Although sometimes used in combination, there have been isolated reports of rhabdomyolysis in patients taking niacin and lovastatin. A causal relationship with niacin has not been established. It is not known if there is an interaction with other HMG-CoA reductase inhibitors. Patients should be advised to report unexplained muscle pain, tenderness or weakness to their physician.
Because niacin can cause hyperglycemia, dosage adjustment of insulin or oral antihyperglycemic therapy may be required in diabetic patients.
Niacinamide has been reported to increase the blood levels of primidone and carbamazepine when taken concurrently.
Hepatic/Biliary/Pancreatic
Patients with gallbladder disease, history of jaundice or liver disease should be monitored closely while on niacin or niacinamide. Liver function tests (LFTs) should be conducted at baseline, and every 6 to 12 weeks during the first year, then periodically thereafter. If there are persistent unexplained elevations in serum transaminases more than 3 times the upper limit of normal or if the LFTs are associated with fever, nausea and/or malaise, therapy should be discontinued.
Endocrine and Metabolism
Mean changes in fasting blood glucose levels in well-controlled clinical trials were generally transient and modest. In patients with diabetes, an adjustment or change in diet and/or hypoglycemic treatment may be necessary for blood glucose control. Patients with impaired fasting glucose may require initiation of hypoglycemic treatment if they develop diabetes. Periodic monitoring of blood glucose concentration during niacin or niacinamide therapy is advised especially in the early phase of treatment.

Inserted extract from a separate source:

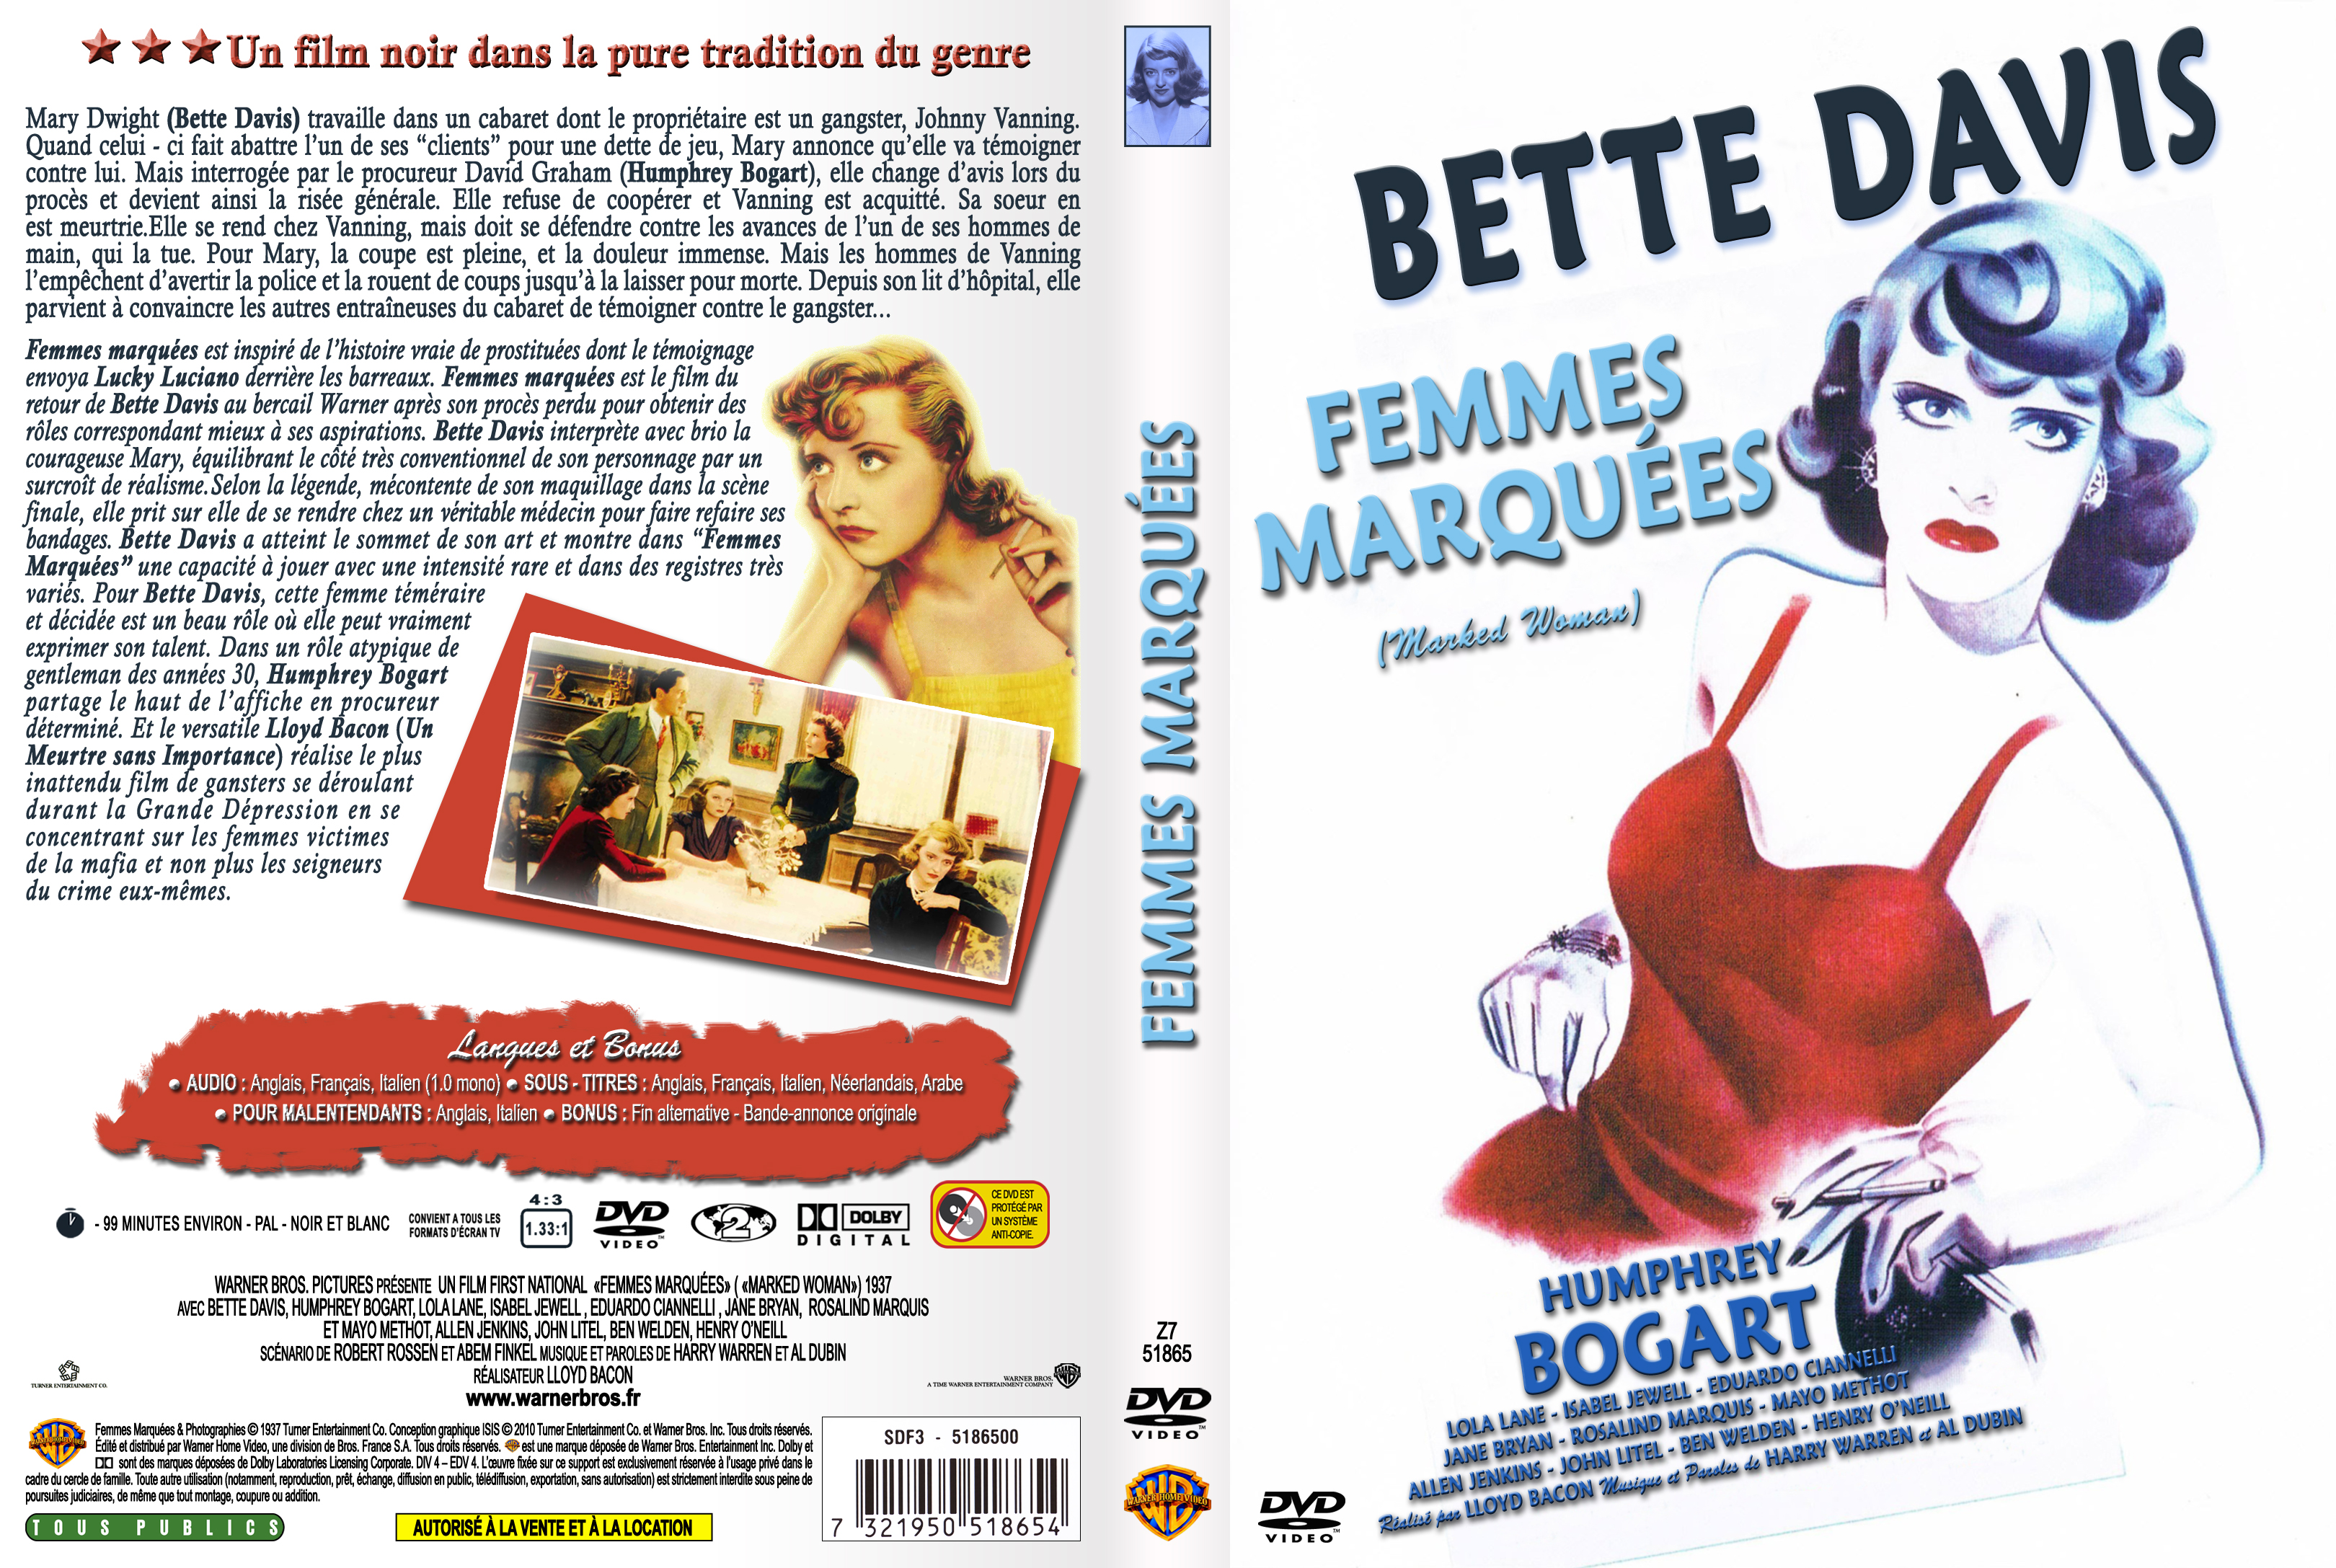 Jaquette DVD Femmes marques custom

Hyperuricemia may occur during niacin treatment and in general, once it occurs, it may remain during the duration of the treatment. Periodic monitoring of uric acid is advised. Niacin must be used with caution in patients predisposed to gout (see Contraindications).
Special Populations
Musculoskeletal
A small number of cases of myopathy with niacin monotherapy have been reported. Myopathy and rhabdomyolysis have also been reported with concurrent statin therapy. The true incidence of muscle side effects is unknown.
Drug-Laboratory Interactions
Niacin may cause false elevation in fluorometric determinations of urinary catecholamines and false-positive results may be obtained for urinary glucose when Benedict's reagent is used. Niacin has also been reported to cause false-positive results for blood bilirubin tests.
Pregnant Women
Niacin and probably niacinamide are compatible with pregnancy when the recommended daily allowance is used; however, safety of niacin, used at higher doses in lowering elevated serum cholesterol in pregnancy, has not been established. Fetal abnormalities have not been reported. Animal reproduction or teratology studies have not been conducted and thus it is unknown if fetal harm can occur using niacin at doses used for lipid disorders.
Nursing Women
Niacin and niacinamide distribute into breast milk. Problems have not been reported with intake of normal daily requirements, but there is no information pertaining to higher doses used in the treatment of dyslipidemia.
Contraindications
Patients with a known hypersensitivity to niacin or niacinamide or to any ingredient in the formulation or component of the container.
Patients with active liver disease, peptic ulcer disease, hyperuricemia with a history of gouty arthritis or uncontrolled hyperglycemia.
Niacin specifically is contraindicated in patients with severe hypotension.
Overdose
For management of a suspected drug overdose, CPhA recommends that you contact your regional Poison Control Centre. See the eCPS Directories section for a list of Poison Control Centres.